— Nivert: Article on Kitchen Stoves
Nouveaux Fourneaux Economiques et Portatifs, Extrait de la Gazette de Santé, du Dimanche 1er Octobre 1780, No. 40. Hygiene. Fourneau de Cuisine.

L’Art de préparer les alimens tient à la Médecine. Il nous manque un traité de Cuisine chymique, c’est-à-dire, fondée sur des principes. En attendant, voici un instrument capable de donner une idée de l’action de l’eau combinée avec le feu sur les alimens.

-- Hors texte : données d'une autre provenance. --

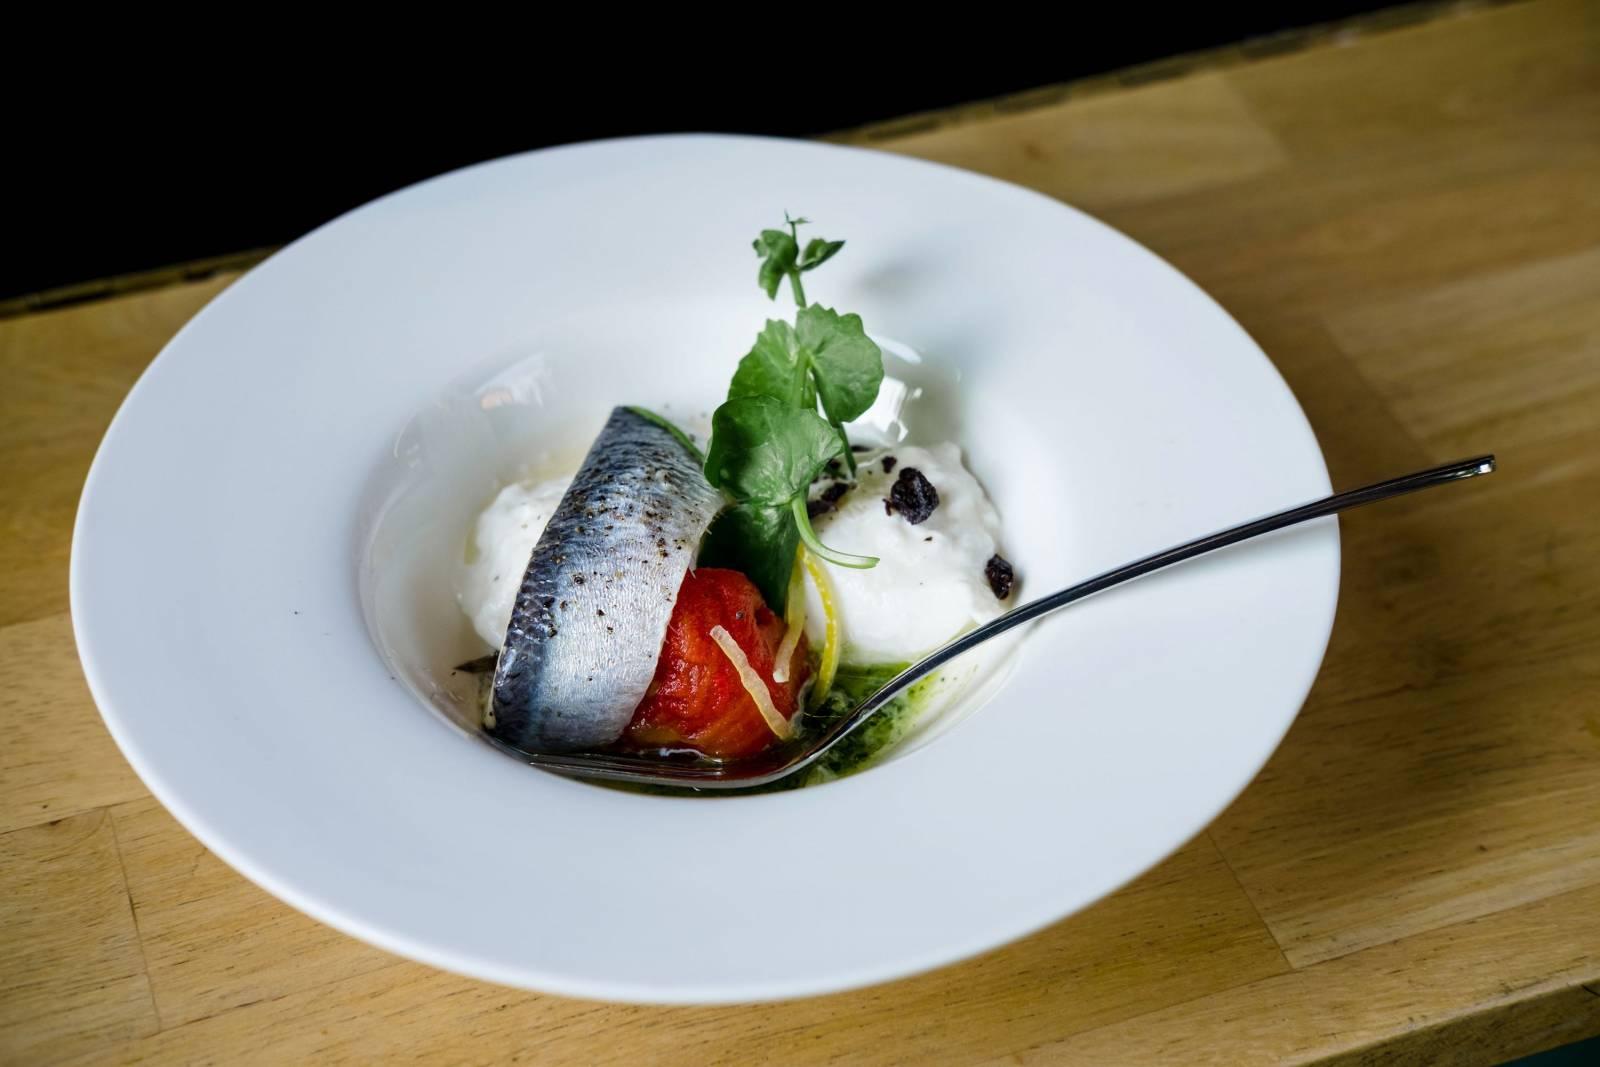 Gastronomie Nicolas - Catering - Traiteur - Trouw - Huwelijk - Bruiloft - House of Weddings - 14

Le sieur Nivert, d’une santé délicate, & Cuisinier, pour se mettre à l’abri des accidens auxquels l’exposoit fréquemment la vapeur du charbon, s’est avisé d’un moyen pour faire cuire les alimens, qui lui a réussi, & auquel les maîtres ont gagné. Il a imaginé un fourneau portatif, composé d’un foyer, avec un tuyau de cheminée pour donner issue à la fumée, & d’une cuvette ou bassin de cuivre étamé, surmonté d’un couvercle de fer ou de cuivre qui s’adapte juste à cette cuvette. On y place des bocaux ou vaisseaux de verre, de porcelaine ou de crystal, &c. dans lesquels on met les alimens qu’on veut faire cuire, & on couvre le tout. On allume une lampe dans le foyer. L’effet de la chaleur qui en résulte, & dont le degré est celui de l’eau bouillante, est tel qu’au bout du temps ordinaire pour la cuisson, les alimens s’y trouvent parfaitement cuits, dans leur propre jus, sans aucune addition d’eau ou de bouillon, à moins qu’on ne veuille y faire le pot-au-feu, ou y cuire des substances seches & farineuses, telles que du riz, &c.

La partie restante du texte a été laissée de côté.